The packages are among many that will start to land soon on the front steps of Jewish homes: deliveries of prayer books, art supplies and gifts meant to make a High Holiday season spent at home a little less lonely and a little more spiritually fulfilling.

“What we’ve learned over these months is that to create an online program is not just to take an in-person program and just to put it online, it’s a new field of engagement,” said Rabba Rachel Kohl Finegold of Congregation Shaar Hashomayim in Montreal. “You need something tangible.”

The High Holiday boxes reflect a dawning awareness that with most synagogues closed or at least curtailed, homes are now the center of the Jewish experience. Just as people the world over have begun baking sourdough bread during the pandemic, many Jews have started baking their own challah. Now as the coronavirus pandemic extends into the second half of its first year, synagogues and other Jewish organizations are taking new steps to make home practice easier to access.

To some, the shift in focus from synagogues to homes as the center of Jewish life is a healthy recalibration for a culture in which synagogues had become too central.

“We’ve sharply differentiated home from synagogue … and we’ve put all our energy into the synagogue,” said Rabbi Lawrence Hoffman, a professor at Hebrew Union College who researches synagogues, liturgy and ritual. “Instead of two separate entities, we now have the opportunity to share from one home to another.”

Hoffman himself has found that the pandemic has changed the way he observes Shabbat.

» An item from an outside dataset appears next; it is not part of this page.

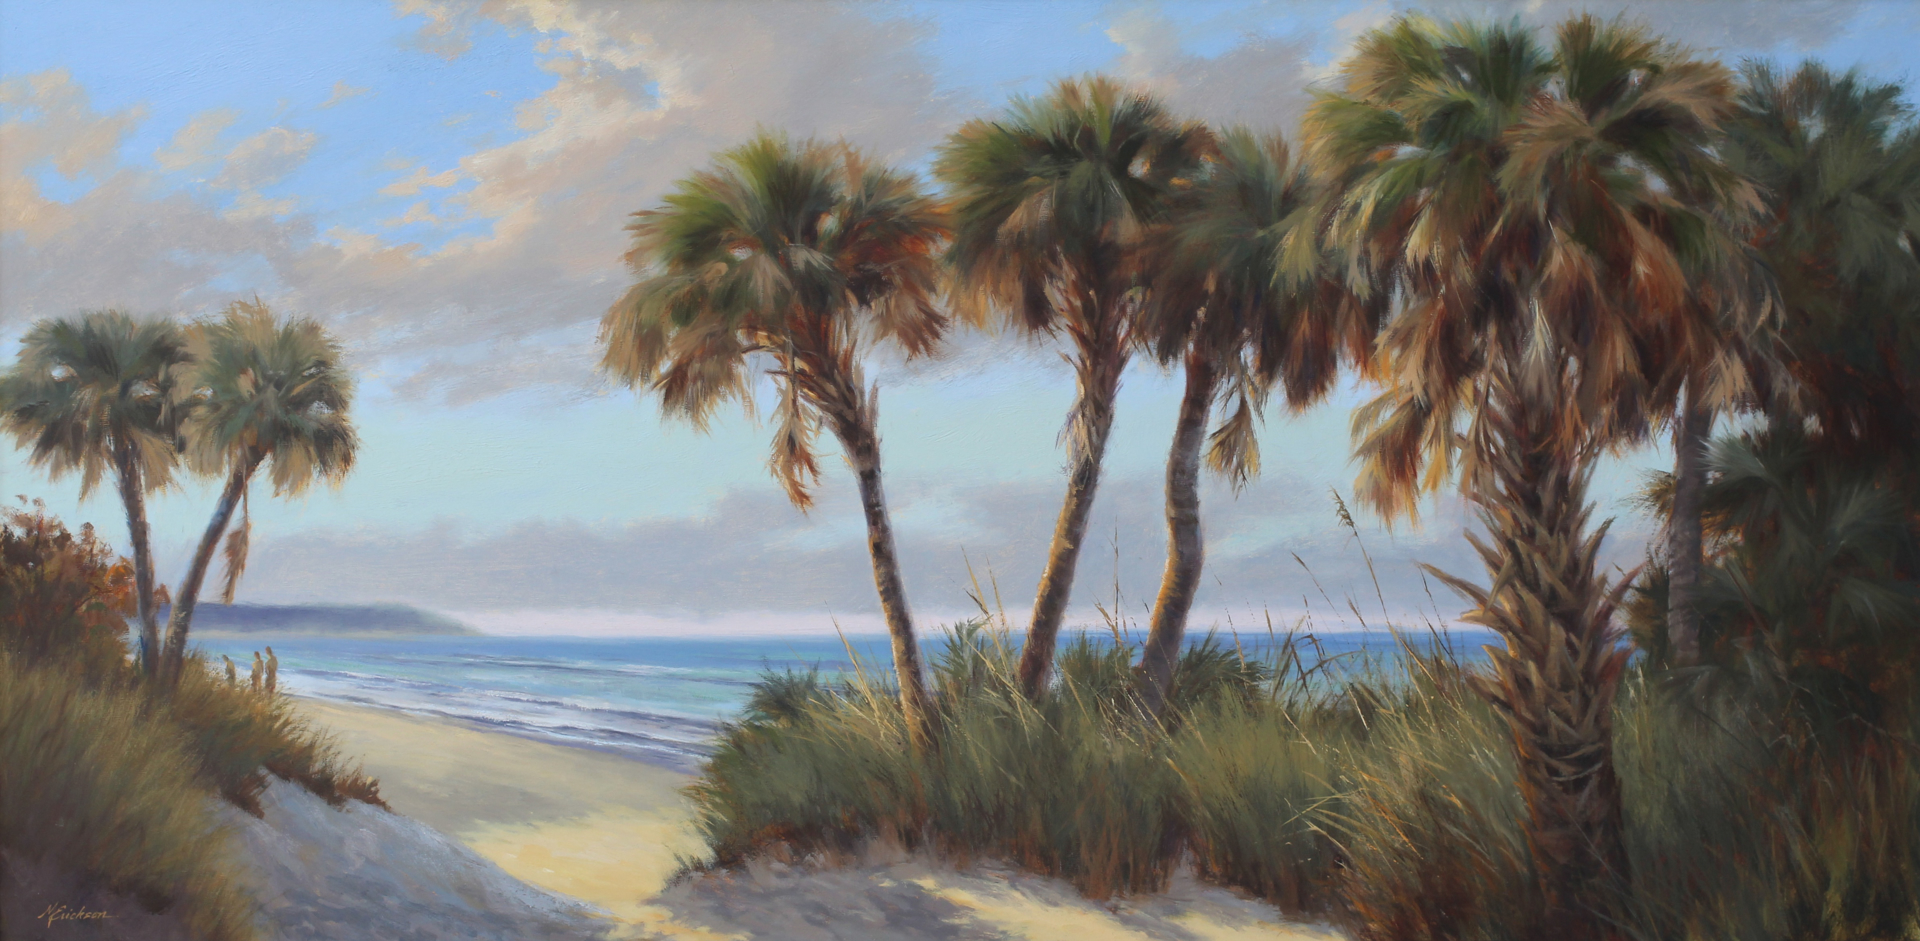 Through the Palms by Mary Erickson

When the pandemic first started, he started singing Shabbat songs on Friday afternoon with his children and grandchildren over Zoom. Eventually the gatherings became a weekly ritual and incorporated songs, candle lighting and a full Shabbat dinner conducted over Zoom.

“We worry about synagogues … but at the same time we have a strong home ceremony that keeps us going and it’s partially the secret of our success,” Hoffman said. “It’s kind of an exciting moment in time when we’re experimenting with open scripted rituals in our homes that could become anything.”

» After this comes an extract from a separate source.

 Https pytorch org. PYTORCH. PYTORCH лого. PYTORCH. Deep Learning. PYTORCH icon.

Kohl Finegold and others in her position are traversing uncharted territory, according to Vanessa Ochs, a professor of Jewish studies at the University of Virginia. She said this year’s Passover had effectively been a “Jewish boot camp,” as people who might normally attend a family or communal Seder had to figure out how to make one themselves, and now the lessons are being applied to the High Holidays.

“How do you do Rosh Hashanah on your own? Our community hasn’t invented that yet,” she said.

That invention is underway. A website that sells Passover haggadahs — and allows users to compile resources to create their own — has launched HighHolidays@Home, which invites users to “download a simple Rosh Hashanah Seder & Yom Kippur Guidebook or mix & match to create your own holiday gathering.”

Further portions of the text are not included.